Come to the party

Fourth Sunday in Lent; 27 March 2022; Lent 4C (RCL); Joshua 5:9-12; Psalm 32; 2 Corinthians 5:16-21; Luke 15:1-3, 11b-32.

Reconciliation is hard work. All too often, when we think of the forgiveness of sin, we think that God has done this once and for all, and that’s all there is to that. However, Paul tells us that in Christ, God was reconciling the world to Godself, not holding their trespasses against them. Not hold their trespasses against them is just the first step of reconciliation. One has then to move past the consequences of those trespasses.

The parable of the waiting father shows just how hard it is to move past the consequences. The younger son asks his father for his share of the inheritance, which means he essentially treats his father as if dead already. We know the story — he then goes and squanders the whole lot with loose living. In his penury, he comes to himself and returns home. There are several fascinating details in the story.

He rehearses a little speech he will make to his father (notice that in rehearsing the speech, he addresses his father as “Father”). He will end by saying he is no longer worthy to be called a son.
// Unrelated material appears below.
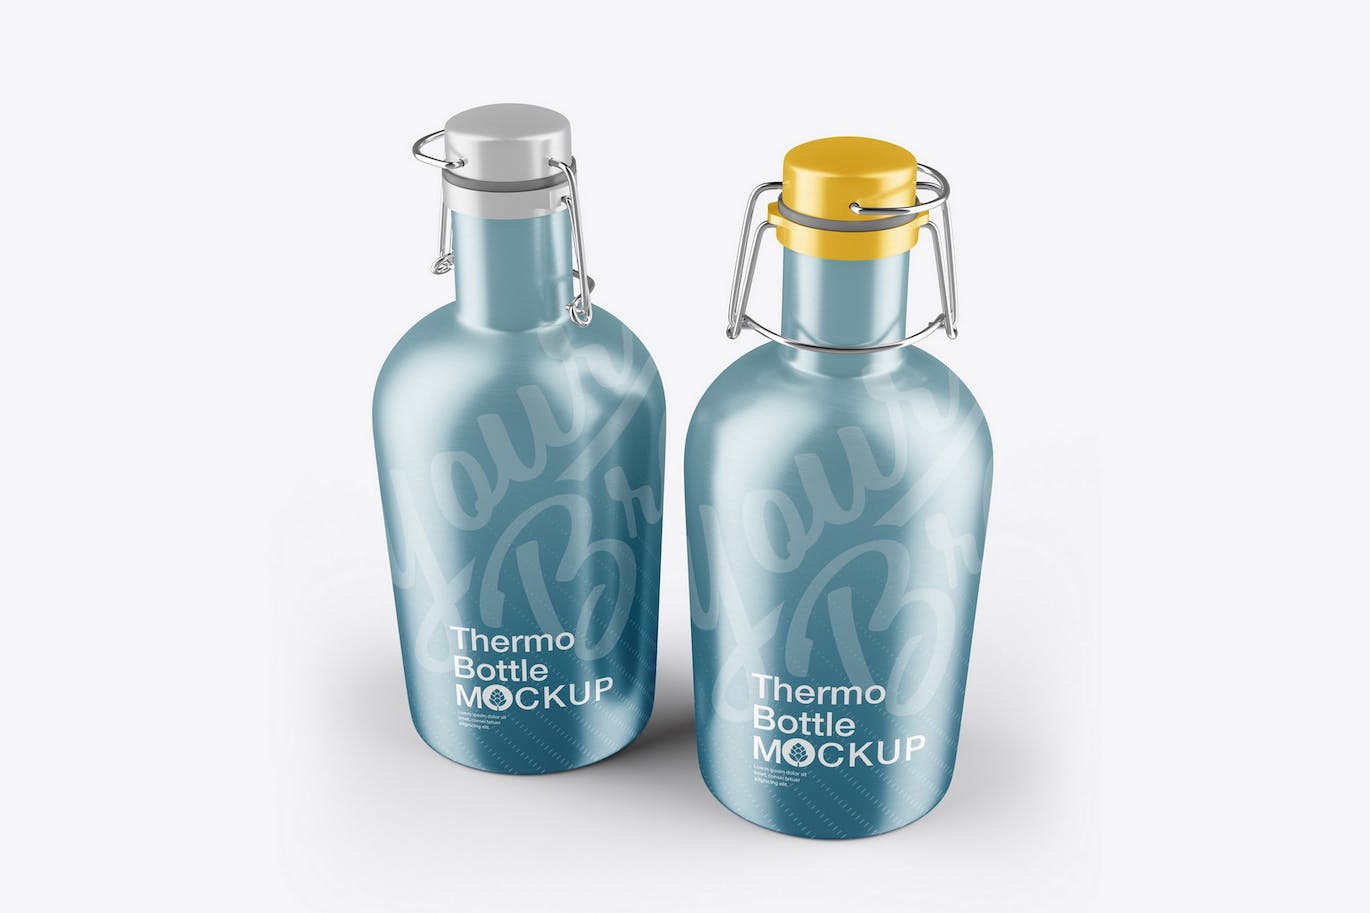 金属保温瓶外观设计样机 Metallic Thermo Bottle Mockup 样机素材 第1张

When he actually makes the speech, his father interrupts him before he can make this last claim.

When the older son hears the party going on in the house, and his father comes out to invite him in, the older son does not address his father as “Father,” but just begins, “Listen.” He then identifies his brother as “this son of yours.” The father re-identifies the younger son as “this brother of yours.” The father then tells the older son that “everything of mine is yours,” which is true because the younger son has already taken his portion. Everything left belongs to the older son.

What I find fascinating, and cannot find in any commentary, is that what the older son hears when he comes in from the field is συμφωνίας καὶ χορῶν (symphonias kai xoron – symphonies and choruses), the music associated with Greek comedies and tragedies. He does not hear music and dancing, but the music associated with Greek worship of the gods.

The epic of Israel is replete with stories of favored younger sons (Israel/Jacob is a favored younger son). Luke’s hearers would hear the story against this background, but in this case, the younger son welcomed home is Greek (remember, he was feeding pigs). Romans 1 – 2 gives an account of how the Gentiles (Greeks) exchanged their knowledge of God (available through creation) for false worship, and squandered their inheritance with loose living. In this story, Israel is the older son, and he is miffed that Greeks have come into the party, welcomed home by the waiting father (who actually runs out into the road to greet the younger son, loosing all dignity in doing so).

The question the story leaves unanswered is whether the older son comes to the party. If we raise too many questions about who else gets in to the party, we are likely to miss it.